What is Short Read Connector (SRC)?
Short read connector enables the comparisons of two read sets B and Q. For each read from Q it provides either: * The number of occurrences of each k-mers of the read in the set B (SRC_counter) or * A list of reads from B that share enough k-mers with the (a window of) the tested read from A (SRC_linker)
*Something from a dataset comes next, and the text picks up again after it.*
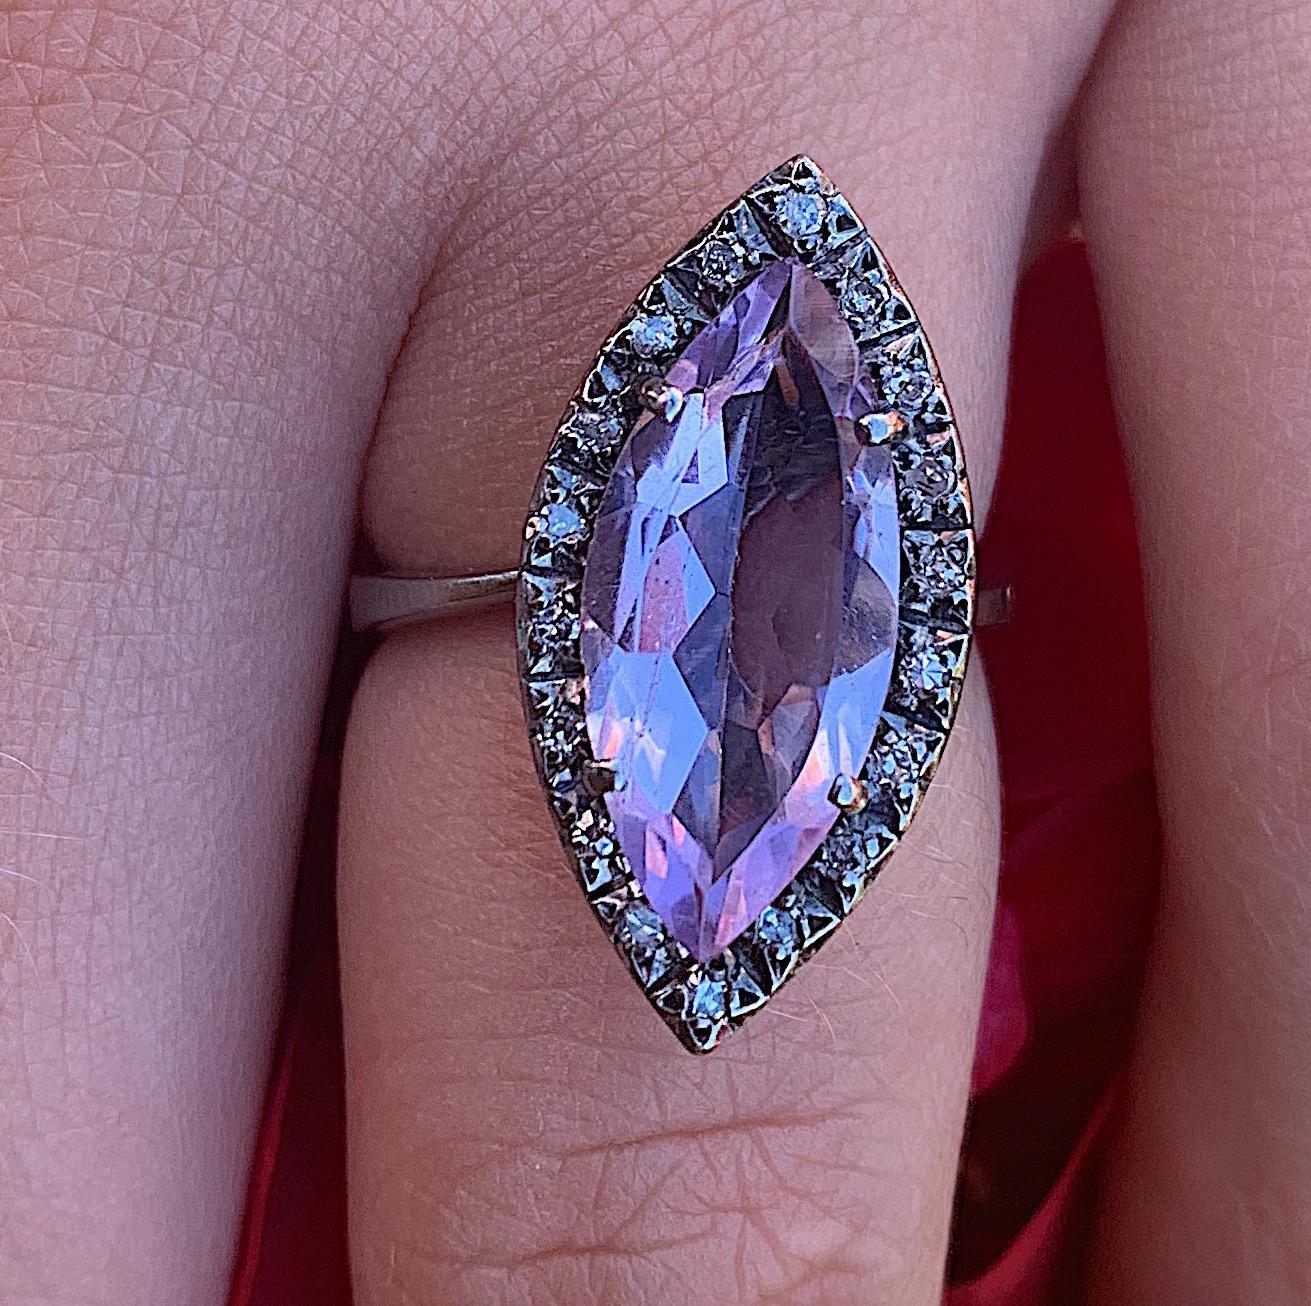 טבעת רטרו , זהב 14k עם אמטיסט ויהלומים קטנים.

Citation Camille Marchet, Antoine Limasset, Lucie Bittner, Pierre Peterlongo. A resource-frugal probabilistic dictionary and applications in (meta)genomics. 2016.
Getting the latest source code
CMake 2.6+; see http://www.cmake.org/cmake/resources/software.html
c++ compiler; compilation was tested with gcc and g++ version>=4.5 (Linux) and clang version>=4.1 (Mac OSX).
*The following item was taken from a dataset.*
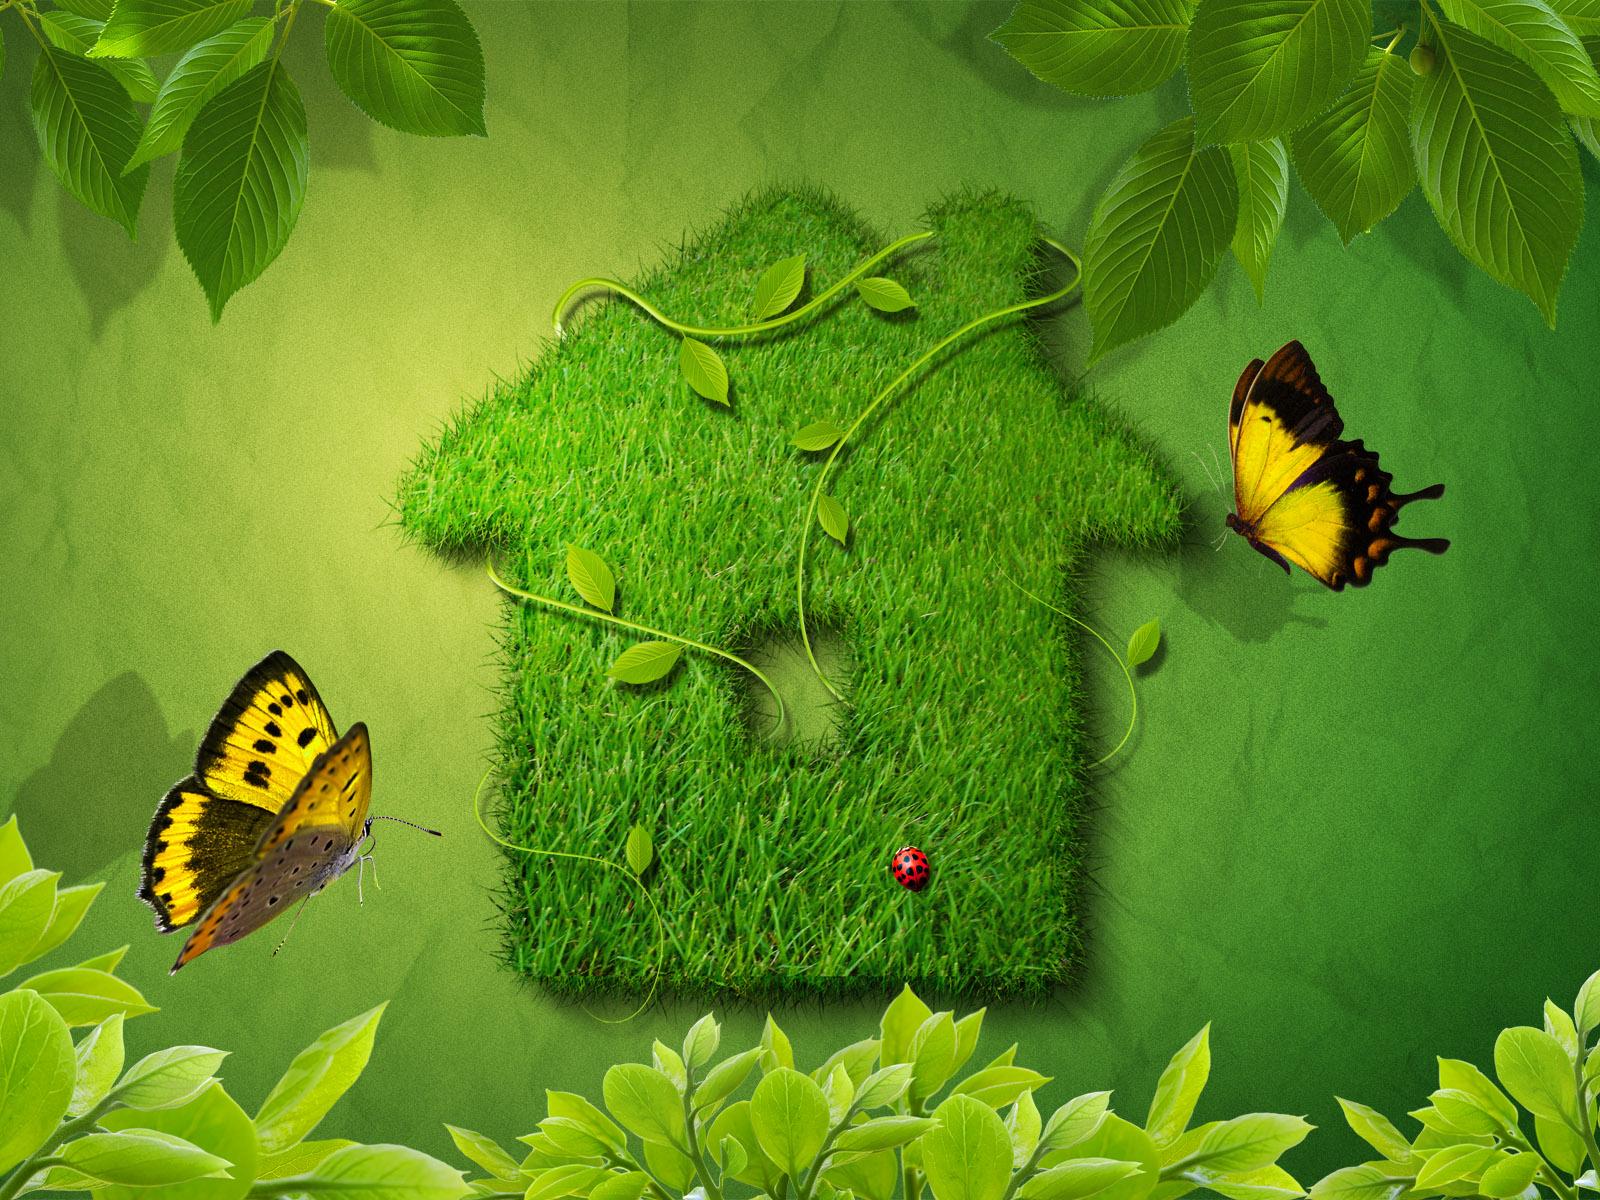 http://2.bp.blogspot.com/_hEeDlsg8wA4/TVAJrxpzq2I/AAAAAAAADPI/mjtfdIR-VUA/s1600/nonubander.photoshop4.jpg

# get a local copy of source code git clone --recursive https://github.com/GATB/rconnector.git # compile the code an run a simple test on your computer cd gatb-rconnector sh INSTALL
Getting a binary stable release
Binary release for Linux and Mac OSX are provided within the "Releases" tab on Github/rconnector web page.
Run a simple test looking for reads from data/c2.fasta.gz that share at least 20 kmers (k=25) with data/c1.fasta.gz. Kmers indexed from data/c1.fasta.gz are those occurring at least 2 times.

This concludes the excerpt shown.